Reilly Grant reillyg at google.com
Thu Oct 29 12:54:37 PDT 2020


On Wed, Oct 28, 2020 at 9:20 PM Ryosuke Niwa <rniwa at webkit.org> wrote:
>
> On Wed, Oct 28, 2020 at 4:56 PM Reilly Grant <reillyg at google.com> wrote:
>>
>> I would like to request an official position from the WebKit team on the emerging Idle Detection API specification. I am aware that this API was included in a list of APIs which you have decided not to implement due to fingerprinting concerns. I assume that this objection was based on the original explainer provided for this API.
>
> Our position has not changed. Our concerns are not limited to fingerprinting. There is an obvious privacy concern that this API lets a website observe whether a person is near the device or not. This could be used, for example, to start mining bitcoins when the user is not around or start deploying security exploits, etc...

Thank you for expanding on your concerns. I agree that malicious sites
may attempt to hide their activity from the user by waiting until they
appear to not be paying attention.
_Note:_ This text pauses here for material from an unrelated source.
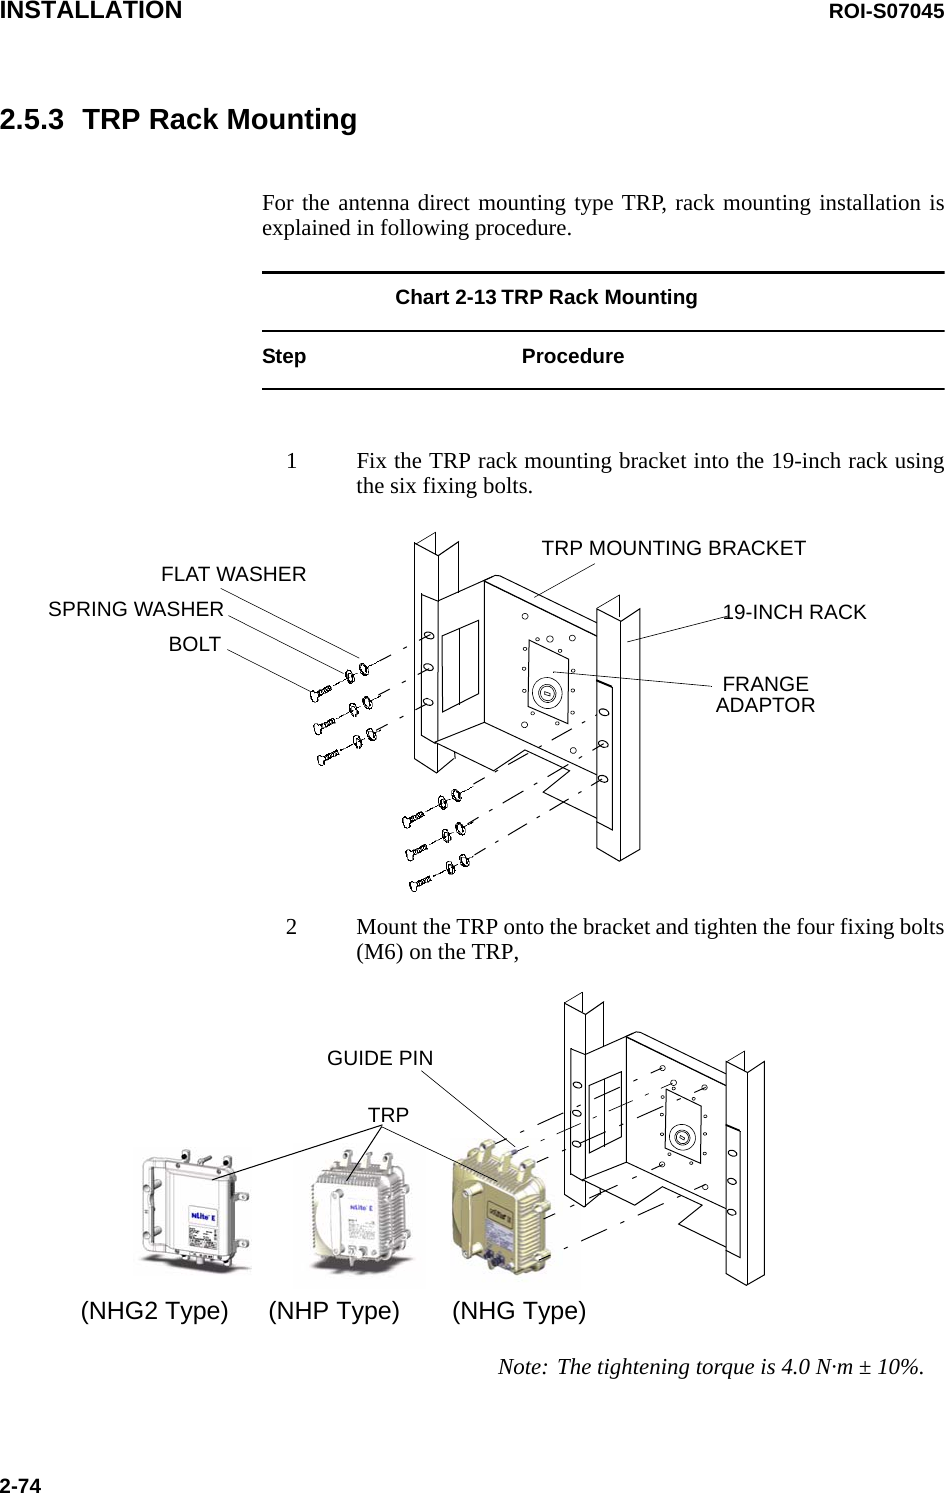 INSTALLATION ROI-S070452-742.5.3 TRP Rack MountingFor the antenna direct mounting type TRP, rack mounting installation isexplained in following procedure.Chart 2-13 TRP Rack MountingStep Procedure1 Fix the TRP rack mounting bracket into the 19-inch rack usingthe six fixing bolts.2 Mount the TRP onto the bracket and tighten the four fixing bolts(M6) on the TRP,BOLTSPRING WASHERFLAT WASHER19-INCH RACKTRP MOUNTING BRACKETFRANGE ADAPTORNote: The tightening torque is 4.0 N·m ± 10%.TRPGUIDE PIN(NHP Type) (NHG Type)(NHG2 Type)

There are plenty of mechanisms
currently available for this, for example, a site can already tell
that it has been placed in the background and can observe that the
user has not interacted with it in a long time, which likely means
that the user is no longer at their computer. It is true that this
capability would allow a site to be more precise about targeting a
time when the user is not present. I think the mitigation in that
case, especially for activity such as cryptocurrency mining, is the
work that is being done elsewhere to define the semantics for
throttling the work that sites are allowed to do in the background.

>> Since that list was posted the API has been extended to include a permission that sites must acquire before being granted access to user presence signals. I would like to start a conversation to understand the fingerprinting risks you foresee from this API.
>
> This kind of action-at-a-distance permission prompt is problematic because it's unclear to the user why such a permission should be granted and for what purpose.

It is the site's job to present a compelling case for why the user
should grant it a permission.

> Additionally, the use cases listed at https://github.com/WICG/idle-detection/blob/master/README.md are rather weak.
>
>> Chat application: presenting a user's status to other users and delivering notifications to the device where the user is active.
>
> Why does delivering a notification to all devices considered bad? That's what happens to most notifications I receive and modern operating systems have ways to hide & dismiss old notifications anyway. It's also unclear how users are supposed to know of this use case when assessing whether to allow a permission for this API or not.

Developers we have talked to (see the WICG discourse thread for
supportive comments from Slack and Google Chat) have identified that
receiving notifications on all their devices simultaneously is in fact
a frequent user complaint. In the introduction section of the
specification I explain the user scenario in more detail. Being able
to hide or dismiss old notifications is helpful but does not address
the core issue, which is that user's want to receive notifications on
only the device they are currently using. The current tools for this
are lacking because they cannot distinguish between the user leaving
their computer and simply switching to another application.